Step 15. Make holes for each eyelet to be placed and bam you are done. This was pretty simple.

Step 16. Once you get the right amount of latex cut off the back, you will have to actually put it on and tie it firmly on your face, making sure it fits well.Once you get the right fitment, we can go onto the next step.

Step 17. The next step is to put the buttons on the mask, I was amazed that i can actually see out of these buttons, i got the biggest buttons i could find, a bit larger than a quarter with 4 holes. If you still feel the holes are too small you can use a dremel and tiny drillbit to make them larger later.

Step 18. You will need another person for this step, place your mask on and you will clearly be able to see through the burlap, and have another person place the buttons over the section of your eyes, making sure to line up the button holes with you eye,find the best position for vision.Once you have found it simply have the person put a dab of super glue under the button and hold it onto the mask.(make sure to close your eyes during this, its a very delicate step)...Make sure you place the button as the 4 small holes in a position to where you can draw the white X later.
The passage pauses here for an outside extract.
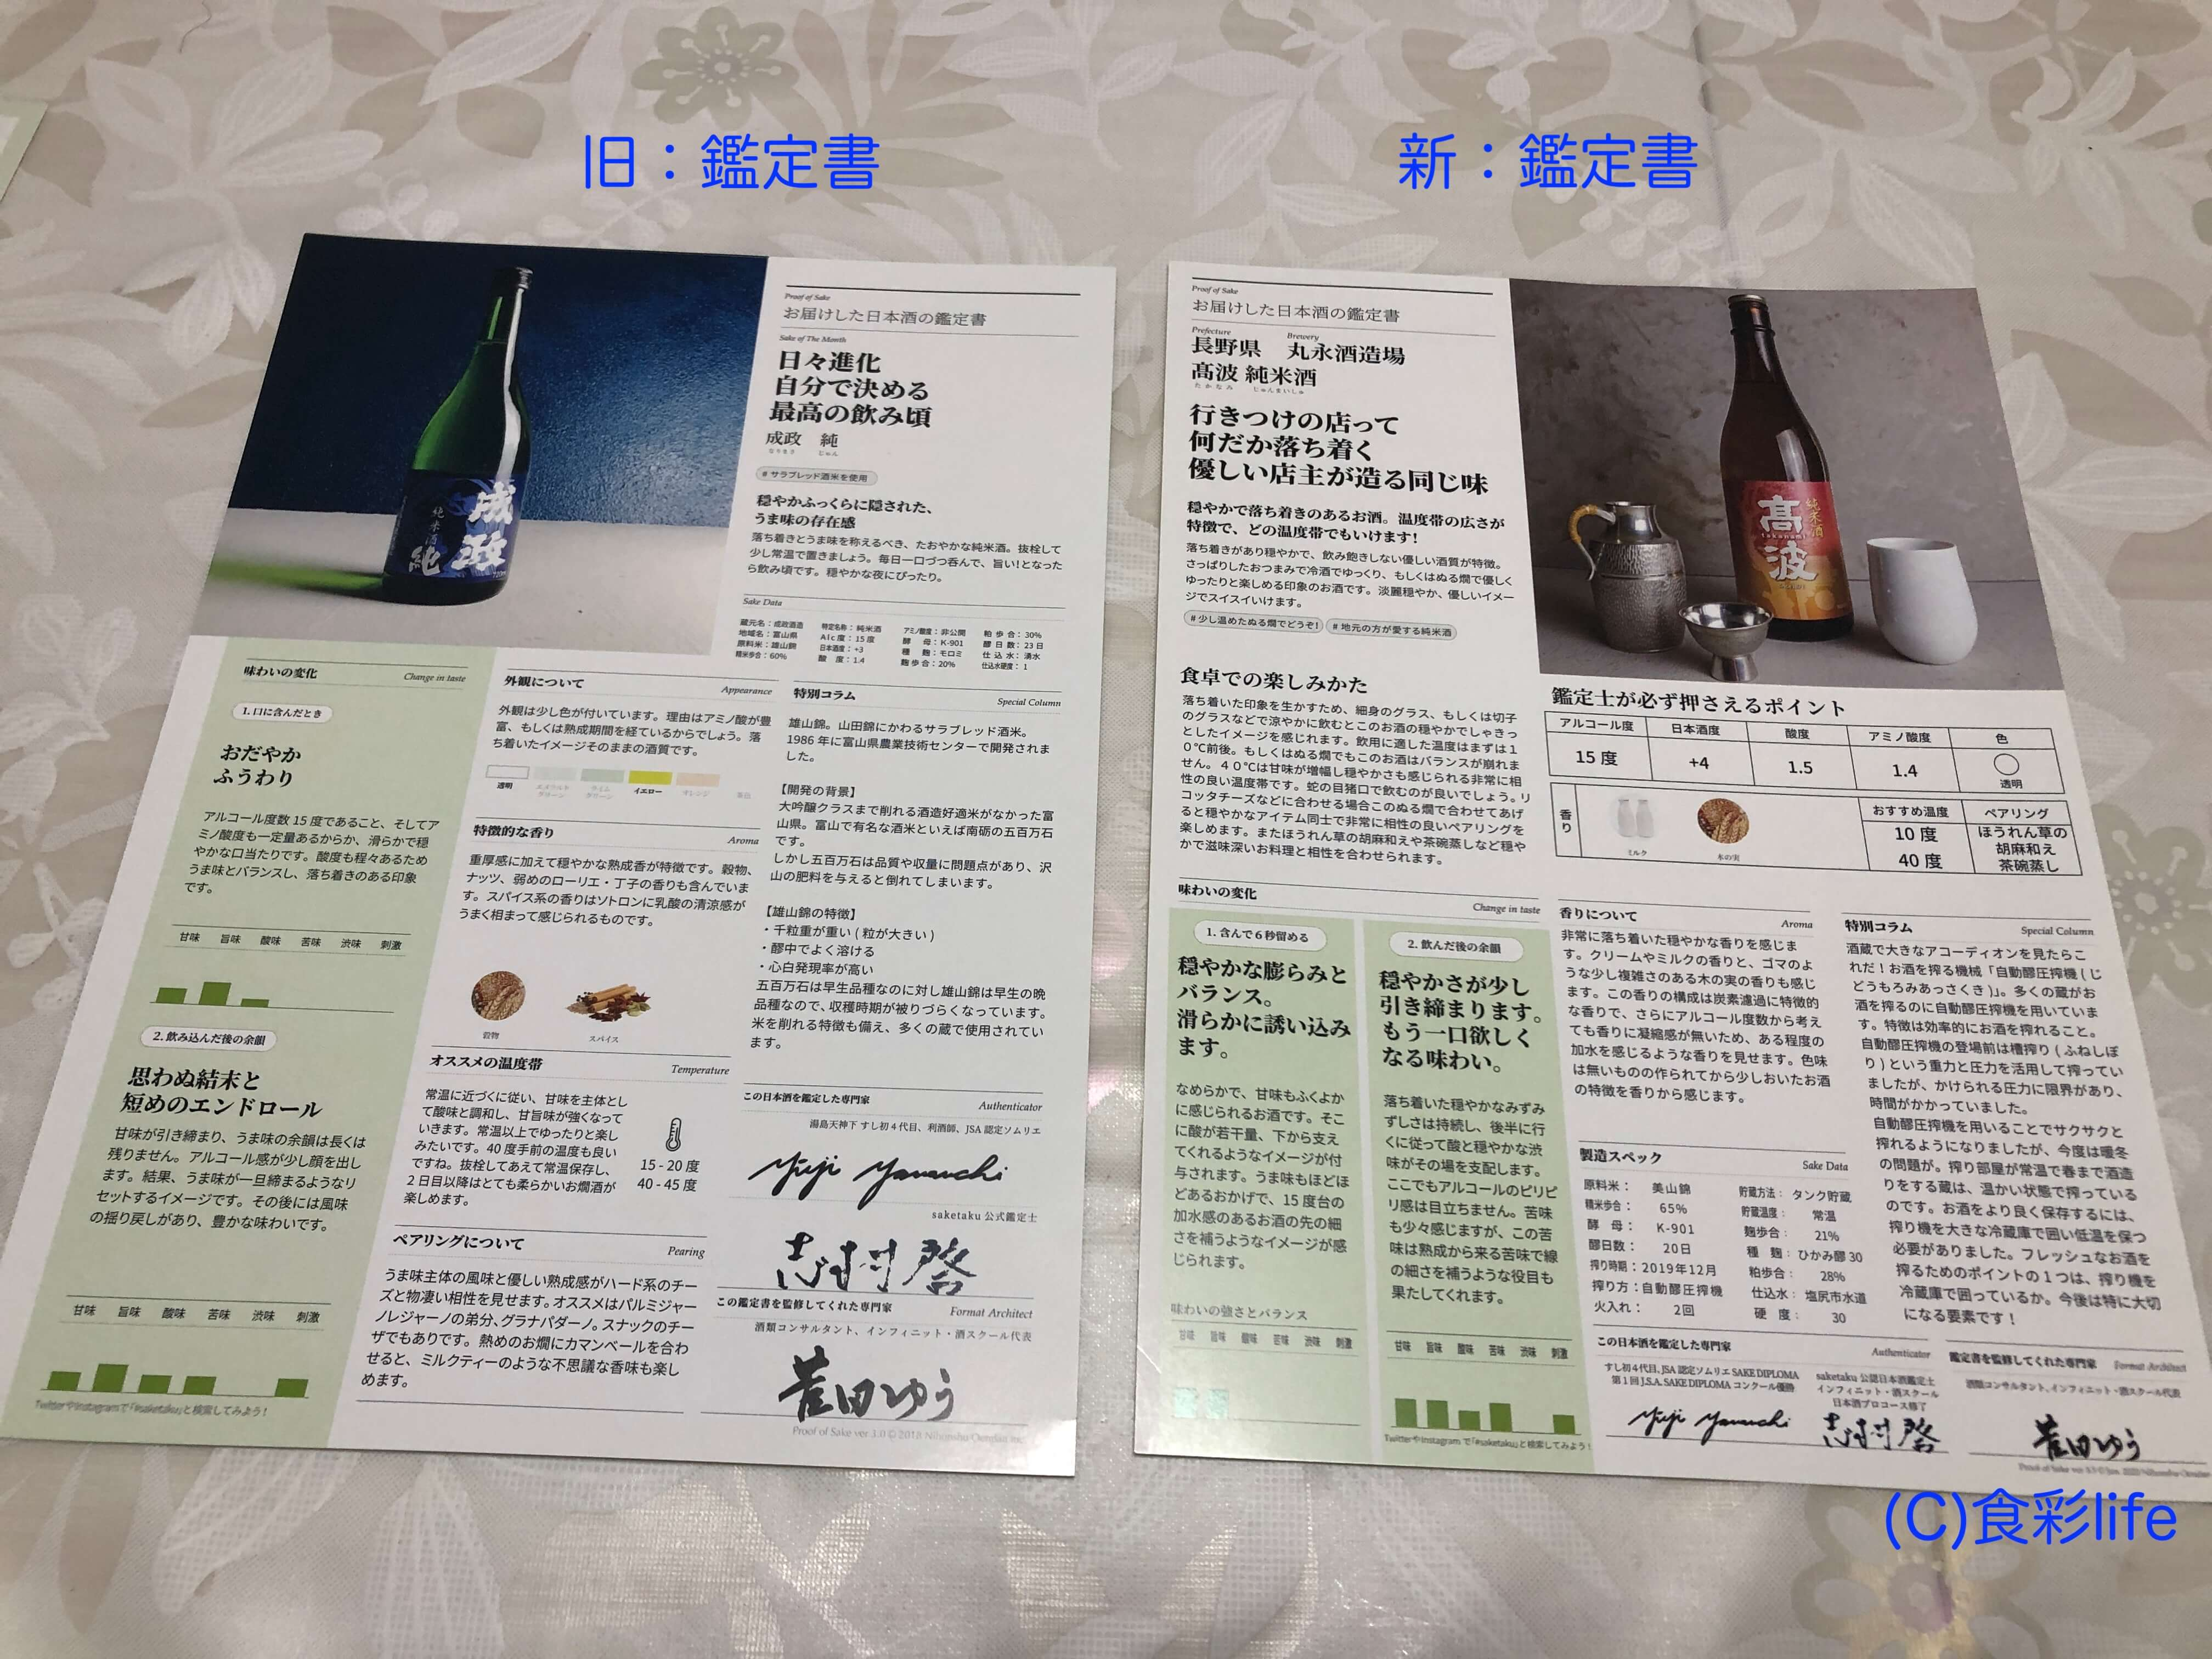 saketaku 鑑定書 旧・新比較

Step 19. Now that you have the buttons lined up and glued and the back done you can go onto the painting part. I did not use the teabag method, because ive heard that if you wet it or put chemicals on a tea bag dyed fabric it comes off. Im not sure of that so I just used paint to paint the mask when i was done.I used acrylic paint, and a sponge, simply dab the sponge in an umber color or any color you feel gives the 'dirty" used look andscuff the mask with the spong,you dont want dabs of paint because it will look fake and seem as if you just put paint on it, you want a faded look. Use a newspaper to dab off the extra paint off the sponge and use the little bit thats left on the sponge to tint your mask.
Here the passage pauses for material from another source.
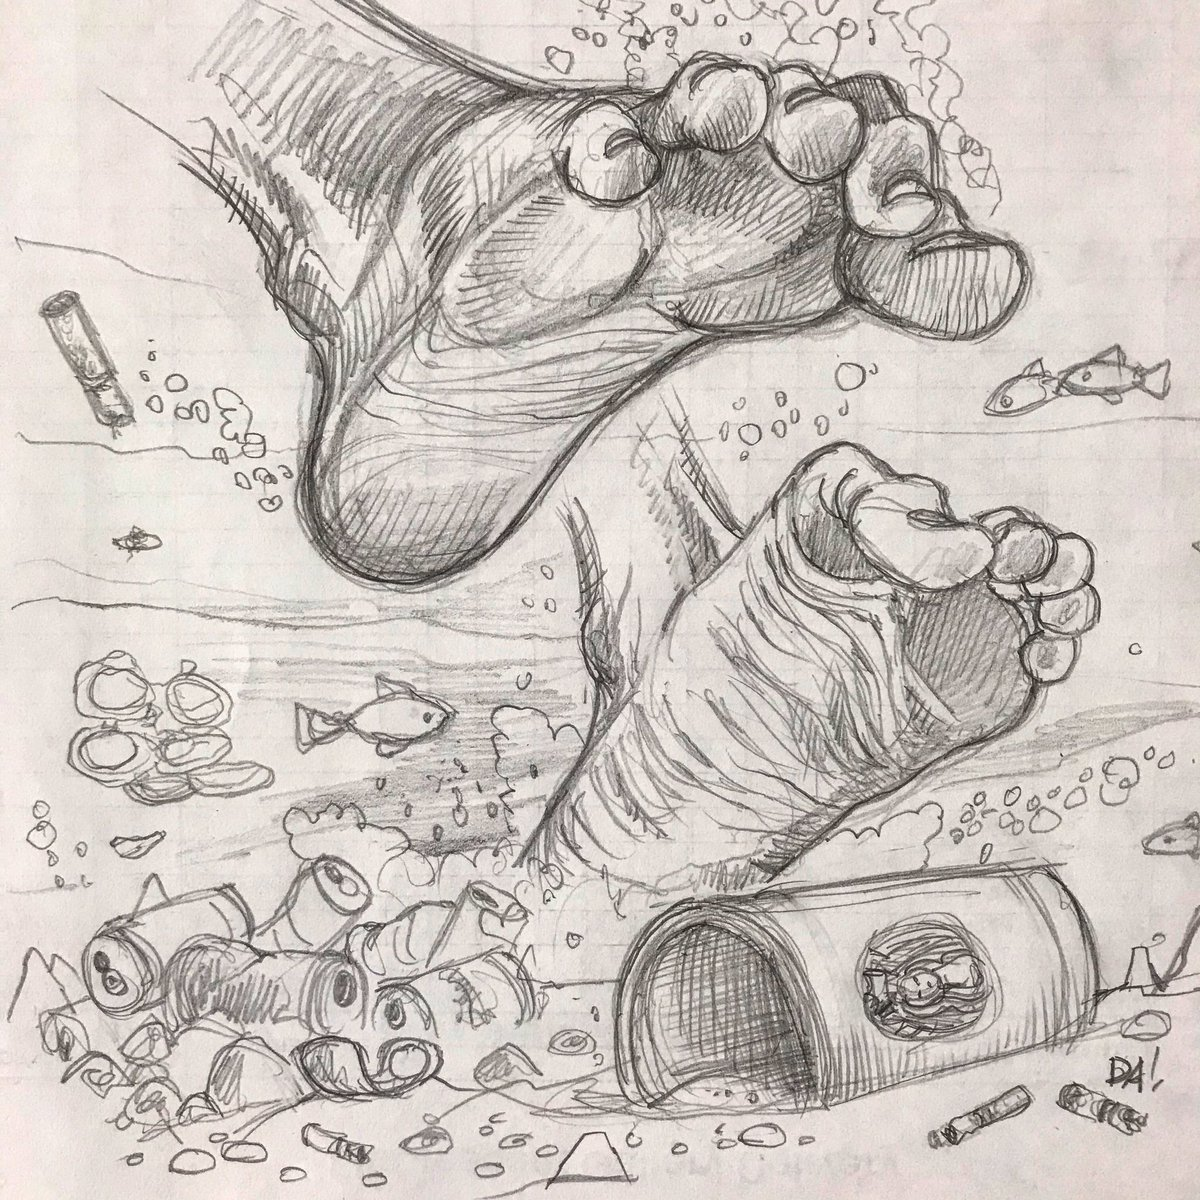 LakeLife. #pickupyourtrash #lakelife #lakelitter #lakewater #recycle #summertime #barefoot #sketch #drawing #Illustrator #conservation #environmentalist #artist #michigan #puremichigan #parabolastar https://t.co/A7np16YxSE

Step 20. Use brown thread to make the fake stitching on the areas of the mask you had cut earlier. This is just for effects so, you can simply put the stitching anywhere.Then the part i left for last, paint the white Xs on the buttons, and tadaaaaaa you are finished. I hope i didnt miss anything, and wished I would have taken more pics, but if you guys need any help, feel free to ask on here. Im sorry for any grammar errors and mispellings btw, I hate writing lol...


----------



## Peter_Pipeher

Im pretty sure I didnt spend no more than 50 bucks, not counting the old Myers mask i had.Which you can pick up any old "human head" latex mask for cheap anywhere. Sure beats those 2-300 dollar masks and much more authentic to the character


----------



## Dr. Herbert West

Dude, I ******* love you, I made one years back in high school using a pair of linen pants, I cut off the leg, and had my mom carefully sew it around my face, but this...this is godlike!
I love the guy making the latex masks, but this, this is hardcore as hell, you will put him outta buisness..well, I know what ima be doing for a while lol, still worried about painting it, how do you blend so well, it looks like dirty and sweated in?...acryllic modeling paint, thats not gloss?...


----------



## Dr. Herbert West

Also yes, much more true to Decker,... I remember the story (cabal) saying "it was a sewing box face"... I always invisioned it as a Rorschach type thing, since he was a psychiatrist.


----------



## Peter_Pipeher

the way I made it look like that is using acrylic paint of dark brownish colors, the way you do it with the sponge is the trick, your not so much "painting" the mask as much as you are "scuffing" paint on it, if that makes sense...kind of like have the sponge have the paint almost druied up and you just kind of scuff it on the linen, enough so you tint it and not just get globs of paint. Kind of adding a "haze' of tint to it, its hard to explain but i hope that helps


----------



## Peter_Pipeher

see how the sponge painting on this wall doesnt cover the wall completely, thats the look u want. even less than this actually, but u get the idea


----------



## Dr. Herbert West

Almost like a stippling(?) effect?, like a little water mixed with the paint, and very lightly dabbed, then smeared?


----------



## Saruman of Many Colours

Very nicely done! Impressive detail work on this mask. (Welcome to the Forum, by the way.)


----------



## Dr. Herbert West

Nooooo my old Myers mask has turned into mush, it literally looks melted?! lol, soooo, any chance after Halloween you'd like to donate that to me?


----------



## Peter_Pipeher

i can sell it ...dont know about "donating it" lol


----------



## Dr. Herbert West

LOL, sadly I'm broke as hell with rent and car payments no $, otherwise I would have bought another Myers mask, I cant wrap my head around such a ****ty myer's mask costing $50 bucks at the Haloween store, Its not even the same one you and I had, they change like every year.. maybe after the holiday I can get one on the cheap  but thanks for the tutorial.


----------



## Dr. Herbert West

Still willing to take a donation, I work at Lamestop, I can get you some free codes LOL. But anyway, that mask is AMAZING!, I would be proud to display it with my other masks, I have a Jason by Justin Mabrey (sorry if i spelled it wrong) from Nightowl, and a Michael from CGP. I think?,...but that mask is TITS! cmon bro, hook me up.


----------



## Dr. Herbert West

Found a headform at a local halloween shop, Its a Larry from the 3 stooges! LMFAO...still want yours though, cmon give it up!.


----------



## Peter_Pipeher

Well I havean interested buyer after halloween.lol


----------



## Glockink

Sure does  VERY interested,


----------



## Dr. Herbert West

Hey, piss off, It's mine. how much are thinking? **** this guy, I want that mask, not just for a costume, but as a display piece.


----------



## Glockink

As do I, and I'm willing to PAY him for it. Not really the place to fight over something no one owns but him right now.


----------